The Center for Aerospace Research and Education's (CARE) extensive research activities have perhaps been most widely recognized for significant contributions to the problems associated with the aging civilian and military, aircraft and rotorcraft fleets. The studies in the discipline of mechanics of solids, structures, and materials, have been major thrust areas and involve the analysis and synthesis of low-mass structures, keeping in mind their strength, stiffness, stability, toughness, damage tolerance, longevity, and optimal life-cycle costs. Self-adaptivity and smartness of structures is also of importance.

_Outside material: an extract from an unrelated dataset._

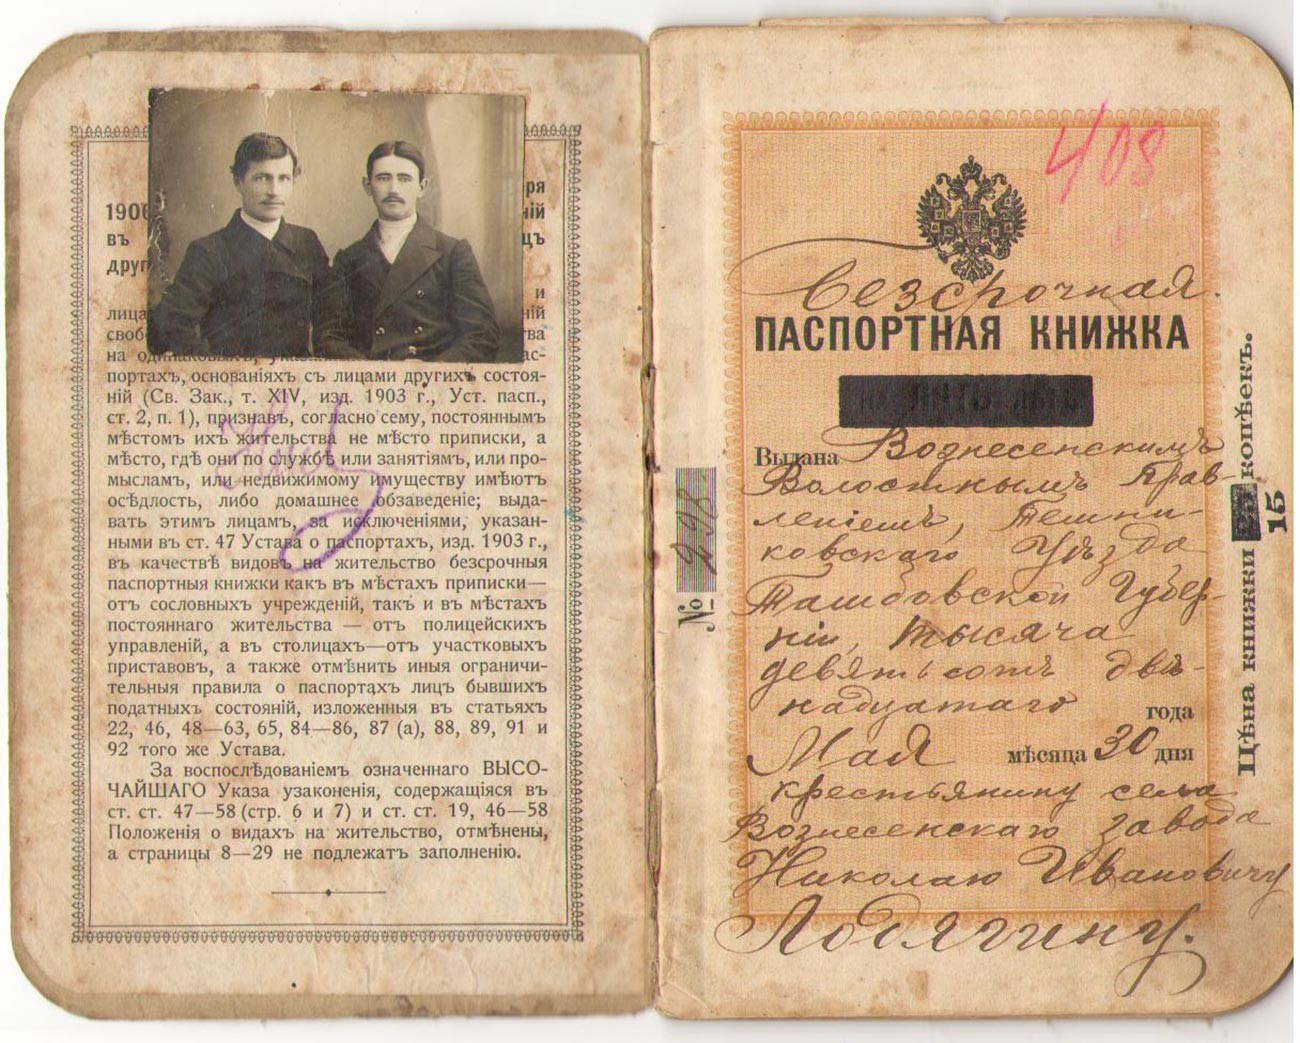 Un passaporto dell'Impero russo

A fundamental focus is placed on developing innovative computational methods for mechanical and aerospace engineering problems, for the near-real-time simulation of various physical phenomena of relevance in fluids, solids, structures, transport processes, and engineered materials, etc., at various length and time scales. Emphasis is placed on a diverse array of spatial discrtetization techniques, such as the weighted residual and weak solution methods, finite-difference methods, finite volume methods, finite element methods, boundary element methods, spectral methods, and the new class of meshless methods in general, and the Meshless Local Petrov-Galerkin ( MLPG) method in particular.

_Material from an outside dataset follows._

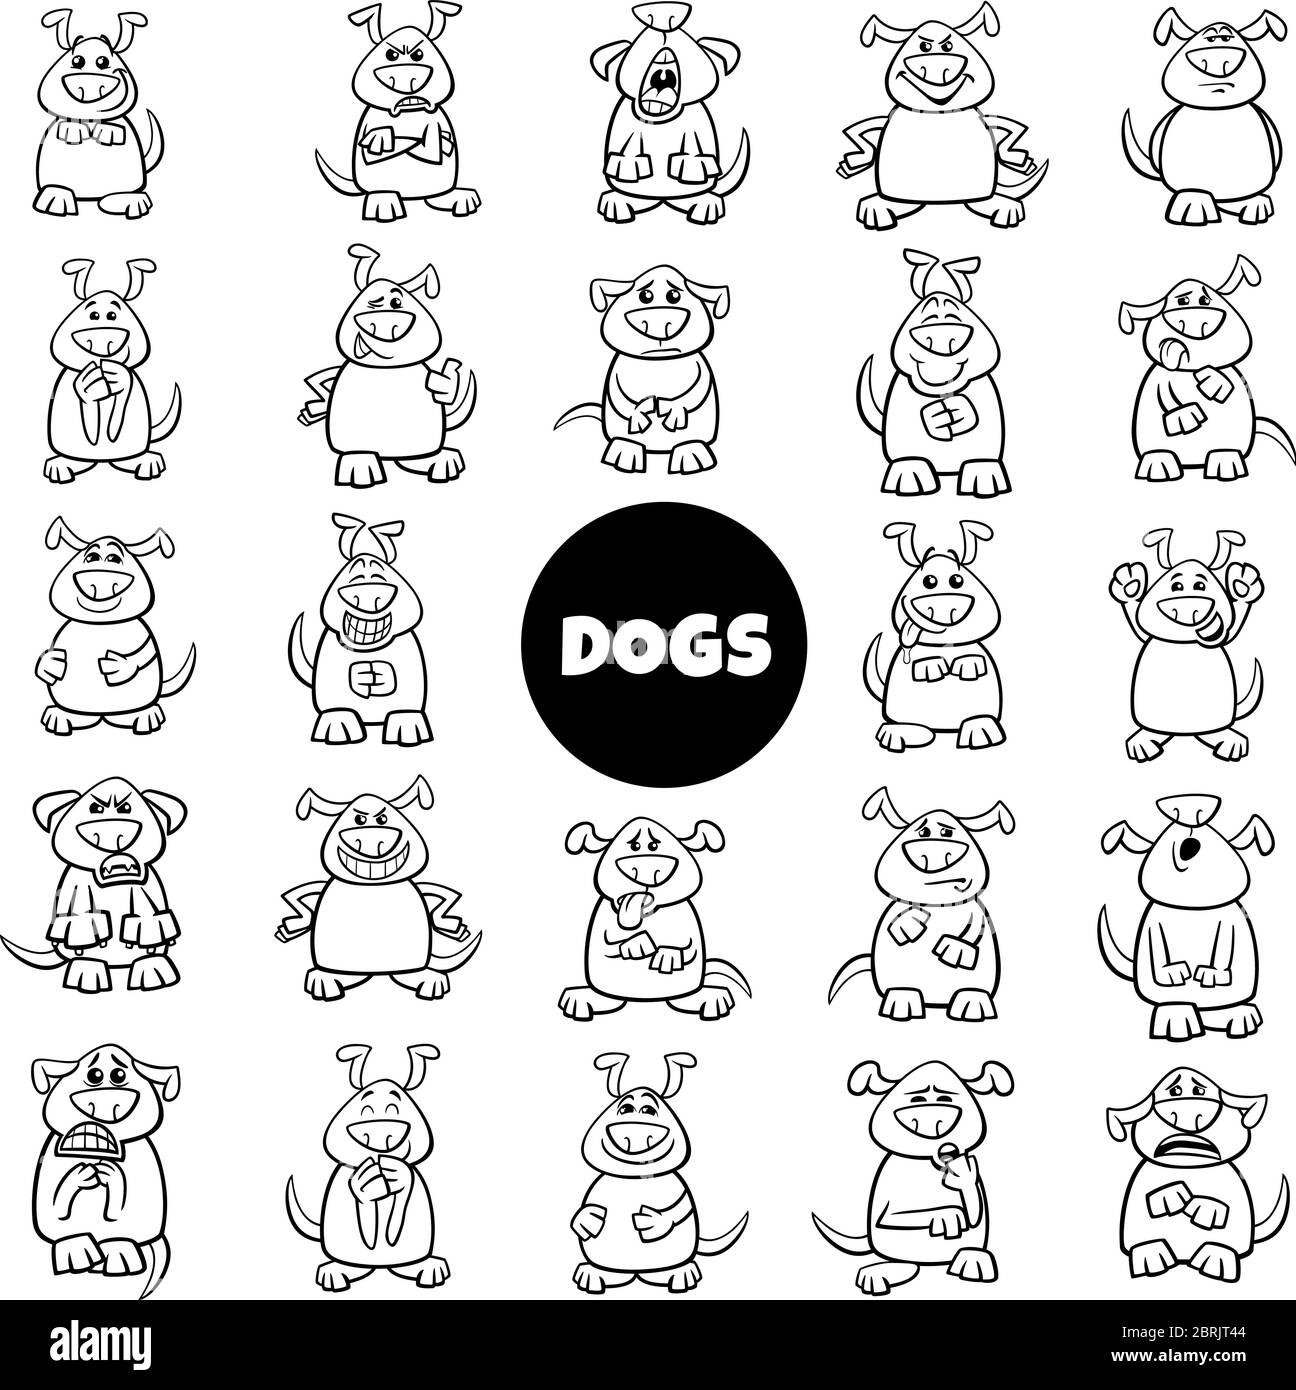 Schwarz-Weiß Cartoon Illustration von Hund Charaktere Emotionen und Stimmungen Big Set Stock Vektor

Multiple length scale problems involving the interplay of quantum mechanics-molecular dynamics-mesomechanics-and continuum mechanics, are of particular interest. Multi-physics problems, involving the interplay between the mechanical, electrical, chemical, thermal, and optical fields are subjects of inquiry. Also, multi-time-scale problems involving the interaction of systems governed by fast time scales, with systems governed by slower time scales, are of emerging importance in computational nano-meso-macro engineering. The study of engineered materials involves both structural as well as functional materials, with emphasis on their (nano-micro) structure-property (stength, stiffness, fracture-toughness) relationships. Metals (encompassing elastic, elastoplastic, viscoplastic, and creep behavior at large strains), high temperature ceramics, multi-functional and smart materials, fiber-reinforced composite materials, and nano-structured materials are objects of study. Nature-inspired functional and structural materials are of growing importance.

The Center for Aerospace Research and Education’s multidisciplinary vision encompasses an array of emerging science & engineering fields; where as, many of CARE’s researchers are also in collaboration with UCI’s Center for Computational Modeling in Information Technology, and the Center for Systems Engineering in Biotechnology.